Reputation: 83
Hi all. I am working on a dataframe (picture above) with over 18000 observations. What I'd like to do is to get the text in the column 'review' one after the other and then do a word count later on it. At the moment I have been trying to iterate over it but I have been getting error like "TypeError: 'float' object is not iterable"
. Here is the code I used:
def tokenize(text):
for row in text:
for i in row:
if i is not None:
words = i.lower().split()
return words
else:
return None
data['review_two'] = data['review'].apply(tokenize)
Now my question is: how do I iterate effectively and efficiently over the column 'review' so that I can now preprocess each row one after the other before I now perform word count on it?
Upvotes: 1
Views: 1525
Reputation: 7994
My hypothesis for the error is that you have missing data, which is NaN
and makes tokenize
function fail.

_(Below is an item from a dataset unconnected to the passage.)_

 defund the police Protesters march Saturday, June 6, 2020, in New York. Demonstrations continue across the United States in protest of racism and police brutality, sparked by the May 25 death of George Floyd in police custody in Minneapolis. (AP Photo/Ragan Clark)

You can checkt it with pd.isnull(df["review"])
, which will show you a boolean array that whether each line is NaN
. If any(pd.isnull(df["review"]))
is true, then there is a missing value in the column.
I cannot reproduce the error as I don't have the data, but I think your goal can be achieve with this.

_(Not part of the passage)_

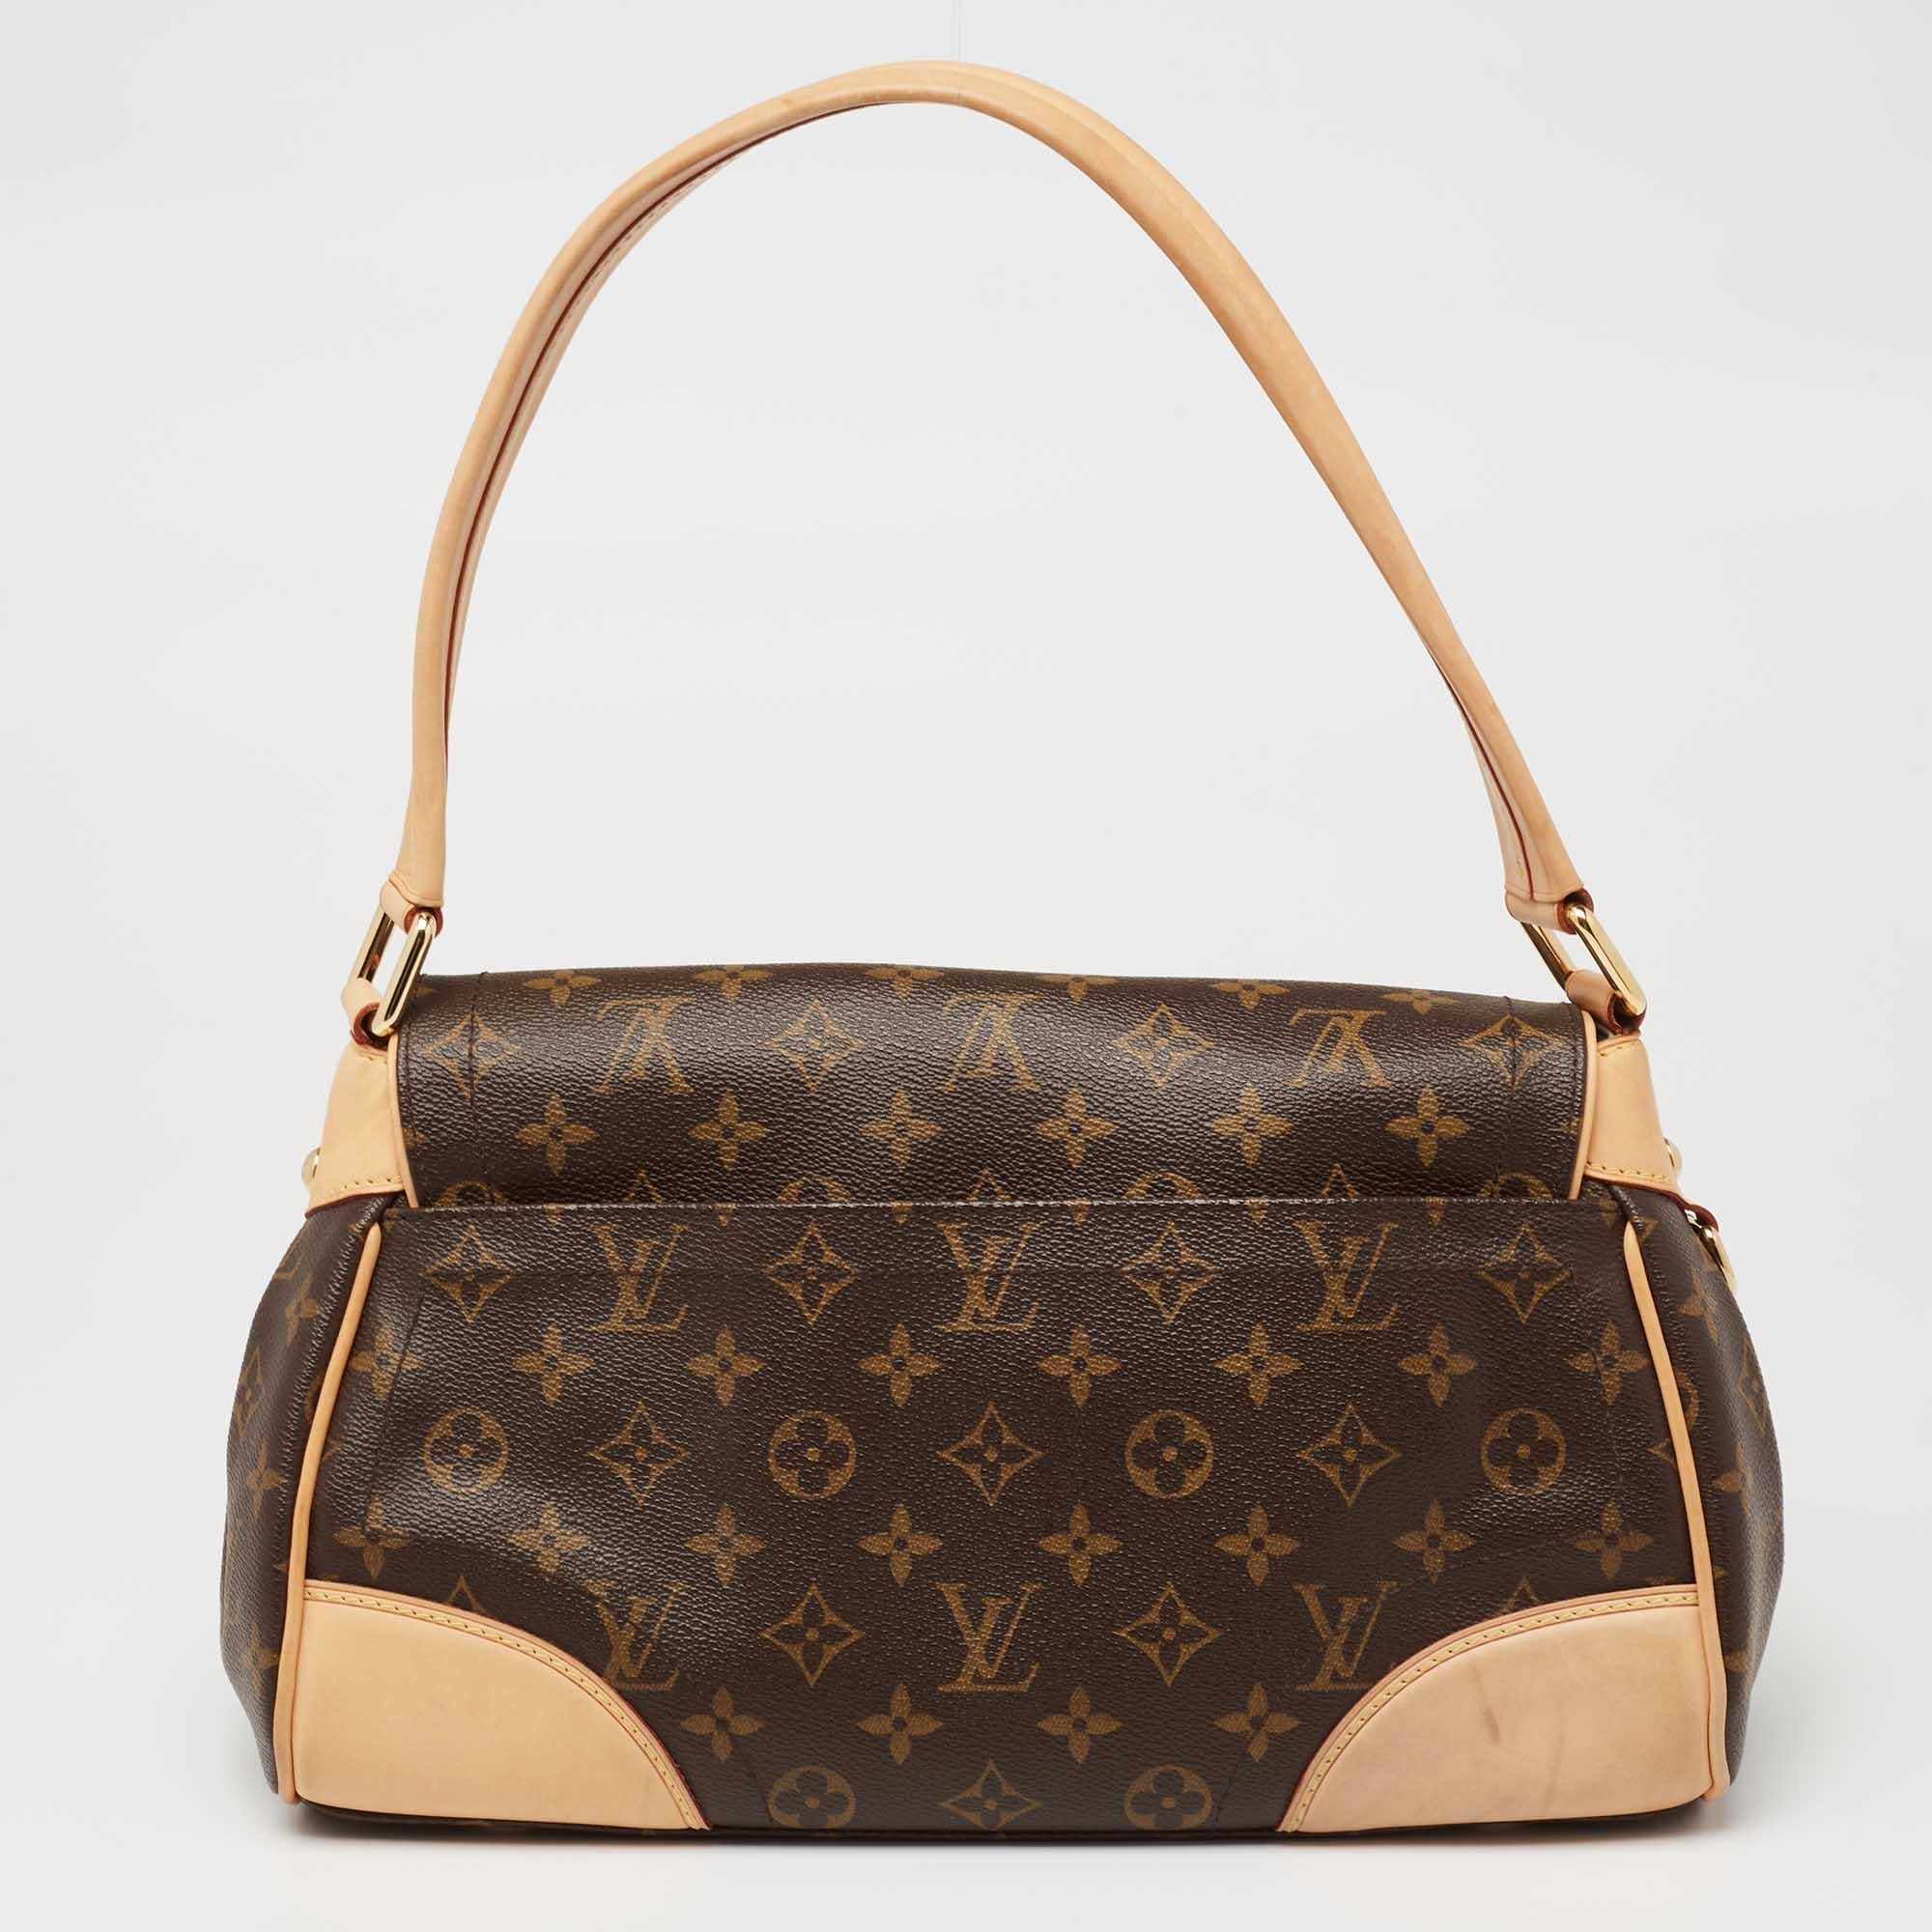 Incorporate luxury and sophistication into your everyday style with this Louis Vuitton Beverly bag. Named after Beverly Hills in LA, this bag is crafted from the signature monogram canvas with leather trims. The branded lock closure on the front

from collections import Counter
df = pd.DataFrame([{"name": "A", "review": "No it is not good.", "rating":2},
{"name": "B", "review": "Awesome!", "rating":5},
{"name": "C", "review": "This is fine.", "rating":3},
{"name": "C", "review": "This is fine.", "rating":3}])
# first .lower and then .replace for punctuations and finally .split to get lists
df["splitted"] = df.review.str.lower().str.replace('[^\w\s]','').str.split()
# pass a counter to count every list. Then sum counters. (Counters can be added.)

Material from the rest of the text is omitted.